The Duct Tape Marketing Podcast with John Jantsch
In this episode of the Duct Tape Marketing Podcast, I interviewed Larry Kim, founder and CEO of Customers.AI – a first party, website visitor identification and remarketing pixel. Also founder of WordStream – provider of Google and Facebook ad management software for tens of thousands of customers globally. Through his insights and experience, Larry reveals the future of ad targeting and the role of remarketing in the post third party data era.
Key Takeaways
Questions I ask Larry Kim:
[00:54] Are you still involved with WordStream?
[01:28] When jumping ship did you have a business idea in mind or did you stumble on the opportunity?
[02:05] In the Ad world, what exactly is Remarketing?

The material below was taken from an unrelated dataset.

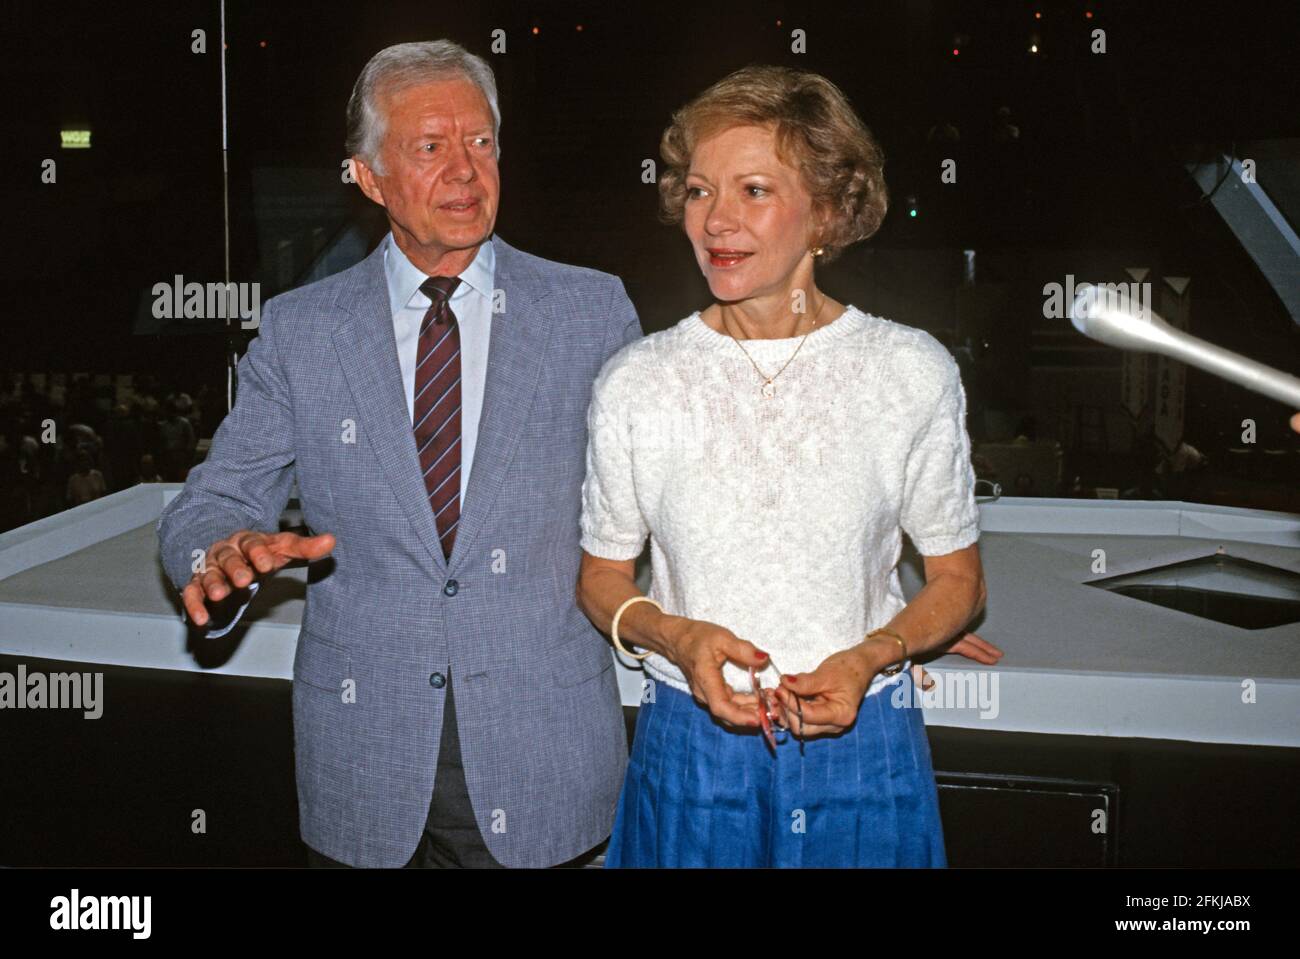 Former United States President Jimmy Carter, left, and former first lady Rosalynn Carter, right, visit the Omni Coliseum in Atlanta, Georgia, the site of the 1988 Democratic National Convention, prior to the President delivering remarks on July 18, 1988.Credit: Arnie Sachs/CNP/Sipa USA Credit: Sipa USA/Alamy Live News Stock Photo
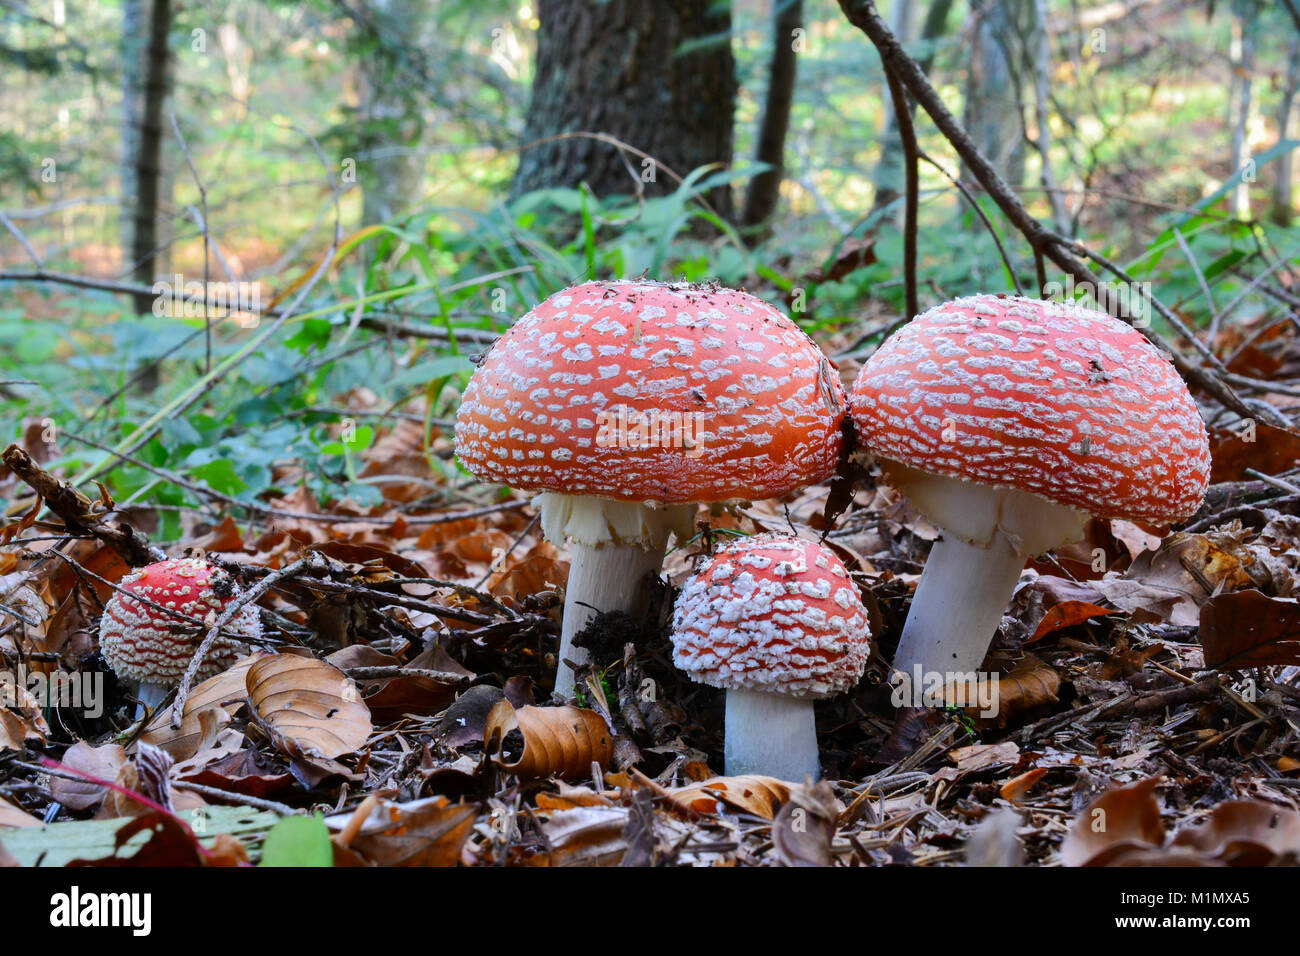 Group of young, beautiful but very toxic Amanita muscaria or Fly Agaric mushrooms in mixed mountain forest Stock Photo

[02:56] When it came to ROI, how effective was retargeting during your WordStream days?
[04:11] When it came to Remarketing what changed, especially with pixels and privacy?
[06:11] What is the level of degradation for Retargeting as we knew it?
[08:10] When big companies comes in and kill third party data, does that reduce or increase their revenue?
[11:37] Would you agree that Retargeting made marketers a little lax and lazy?
[16:12] How do you easily explain the technology of Remarketing?
[17:09] Do you see any trends or technologies that you think are going to further impact this space?
[18:33] Does customer.ai integrate with any CRM?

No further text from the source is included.